"Green" paper

Updated: 03 Feb 2010
10feb-green-paper-hero

Introduction

How do you tell whether your printer paper is from a kosher source and not from an endangered rainforest?

We’re consuming more paper than ever before – a hefty 212kg each. Consumption has risen nearly 30 percent in just the last 15 years.

Some of this paper mountain is likely to be sourced from threatened Asian rainforests. Importers don’t have to prove their paper products come from a bona fide source. So you could be sold products of uncertain origins.

Illegal logging

 
Indonesian rainforest

Indonesian rainforest

A sizeable chunk of our paper comes from Asia. In the year to June 2009, we imported 30,000 tonnes of paper and paperboard from China. Another 25,000 tonnes came from Indonesia. Both these countries are heavily implicated in illegal logging and paper mills figure high on the list of suspects.

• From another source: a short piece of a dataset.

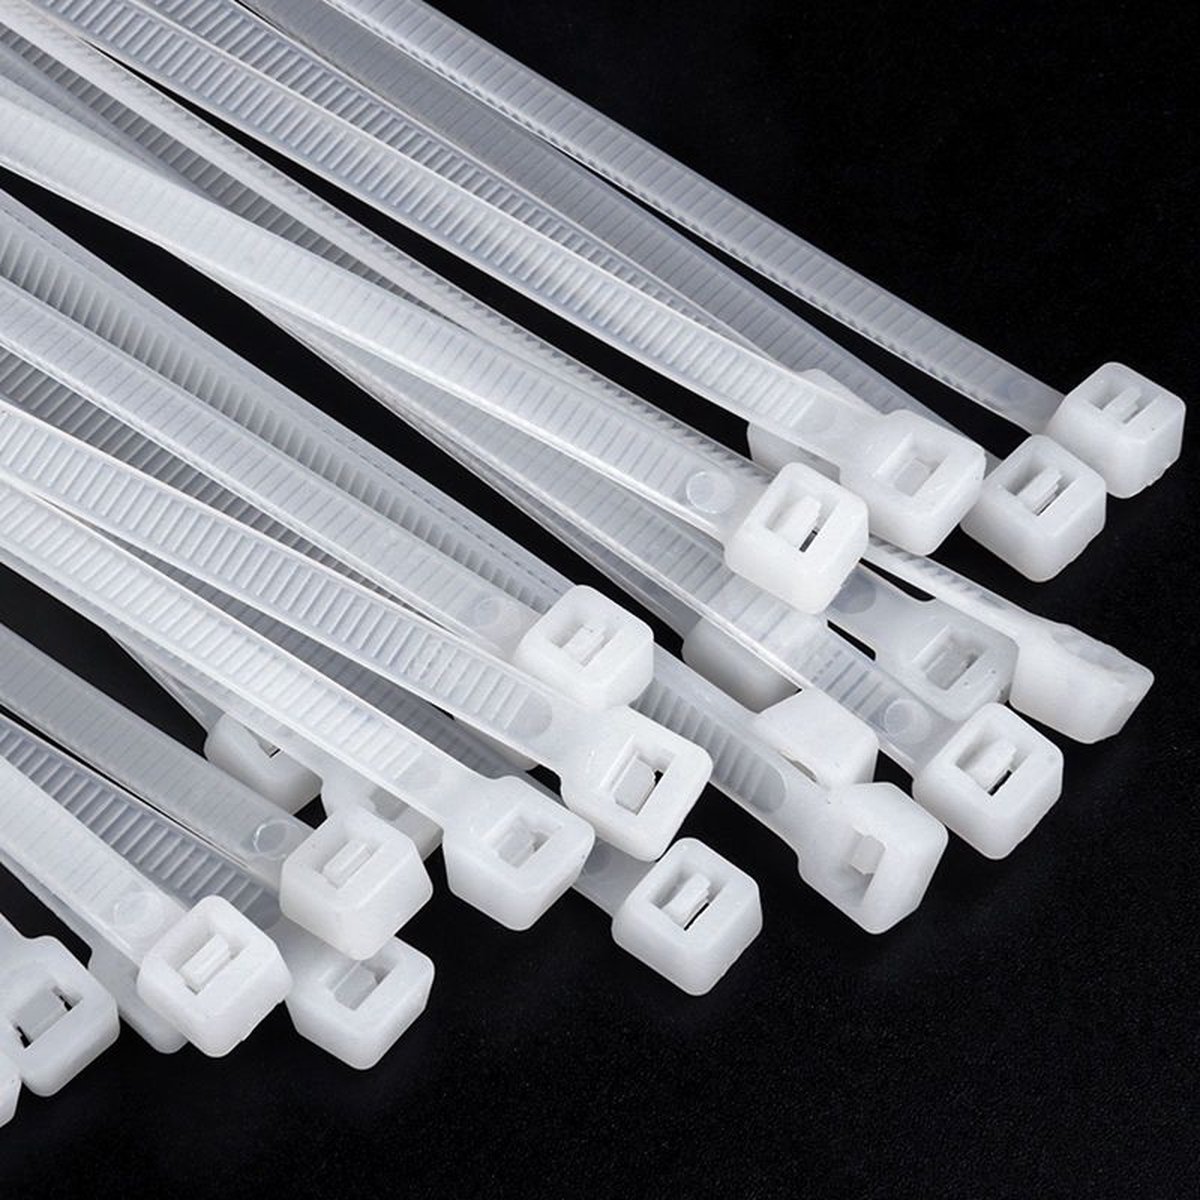 Kabelbinders - Tie wraps - Tie Ribs - cabel ties -3.5mm*20cm - 10 stuks - wit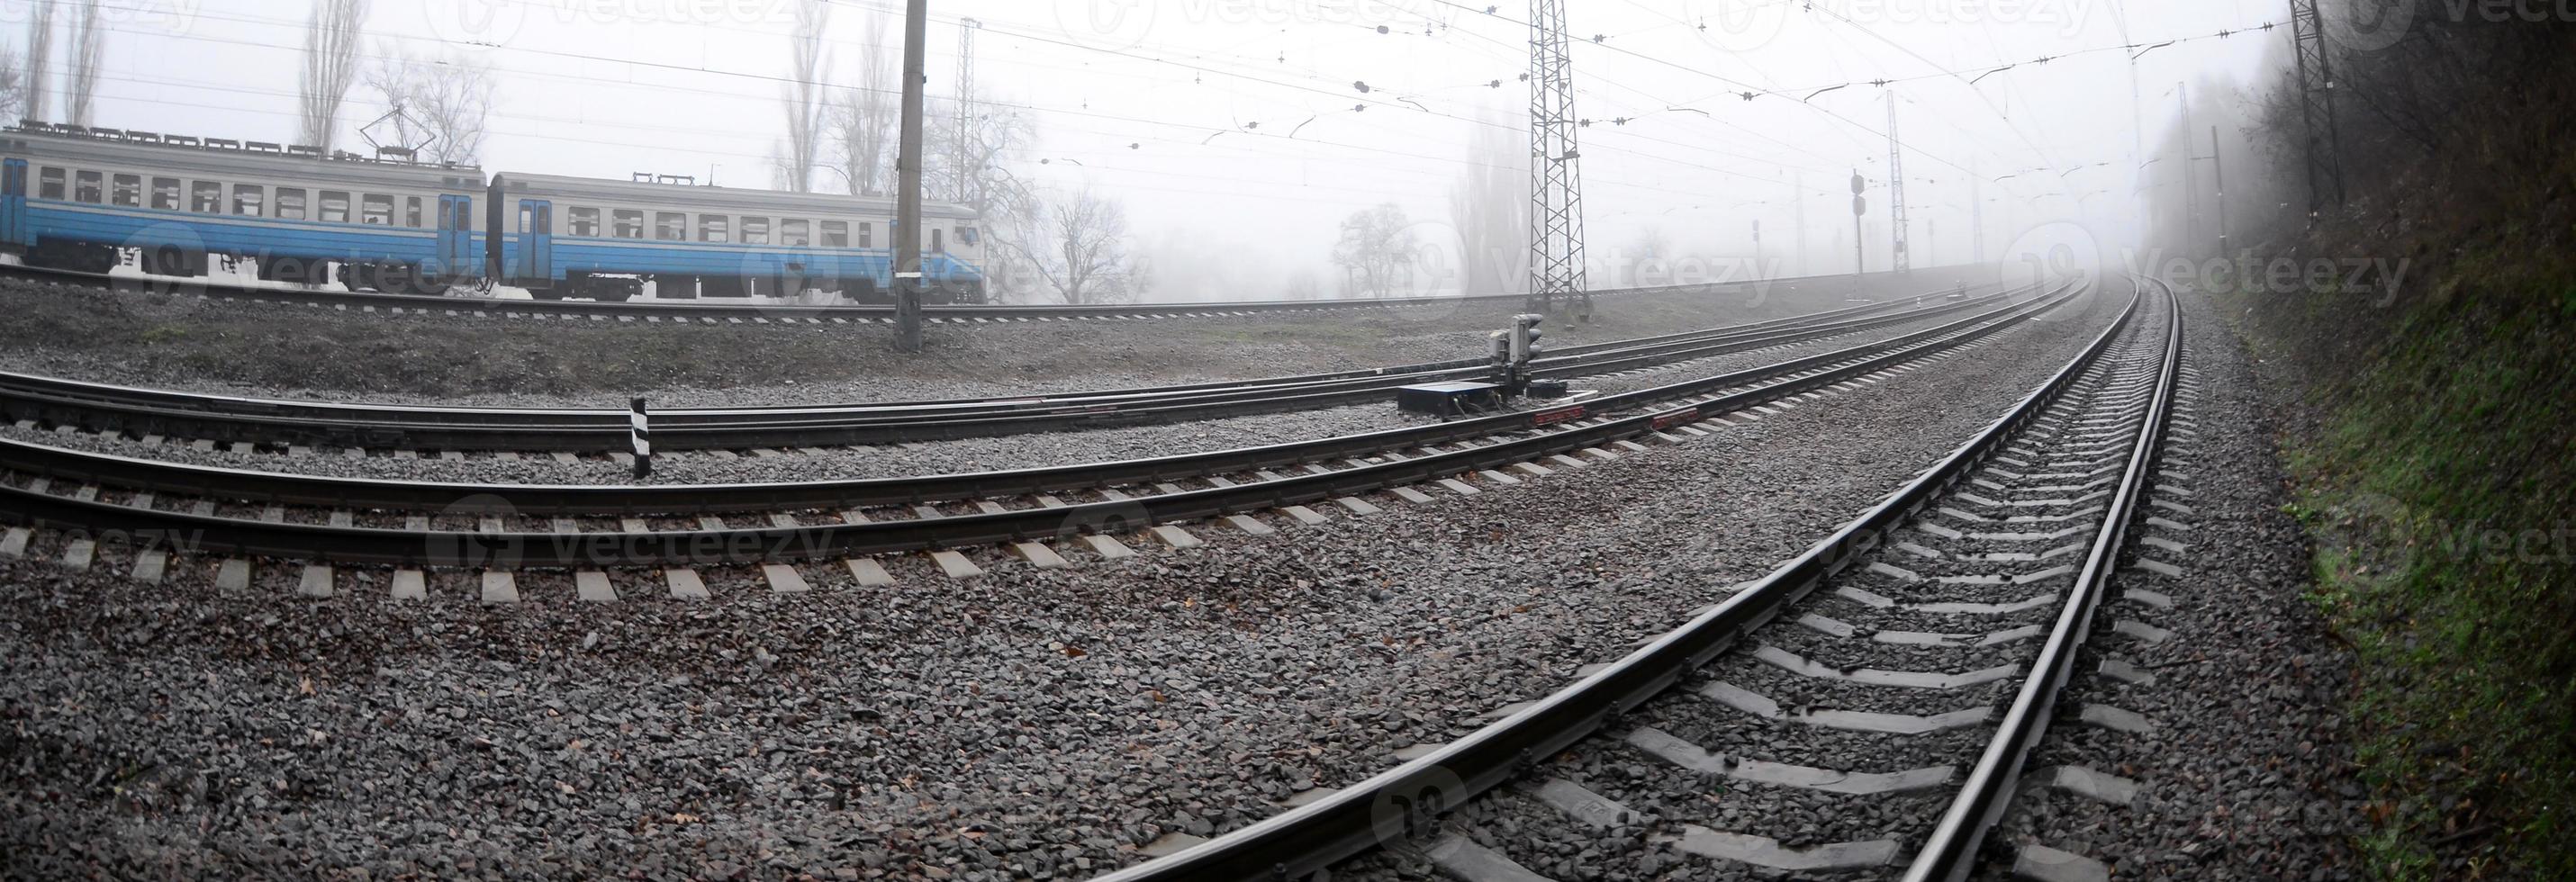 de oekraïens buitenwijk trein haast langs de spoorweg in een nevelig ochtend. vissenoog foto met is gestegen vervorming

In Indonesia alone, it's estimated that up to 70 percent of timber is illegally logged. Much of what's being lost is virgin forest, which provides habitat for species such as the Sumatran orangutan – classified by the International Union for Conservation of Nature as critically endangered.

For consumers, it's almost impossible to tell whether paper from these countries is from a kosher source.

Take Impact Budget Copy Paper. The packaging says this paper’s made in Indonesia but doesn’t tell you anything about the source of the wood fibre used in the product.

Prostat paper, made in China and on sale at The Warehouse, also gives no information about what it’s made from.

Other products make claims that you can’t put much store by. Campap paper, made in Malaysia, claims to be manufactured from “100% plantation fibre”. But there's no independent certification on the packaging to back this up.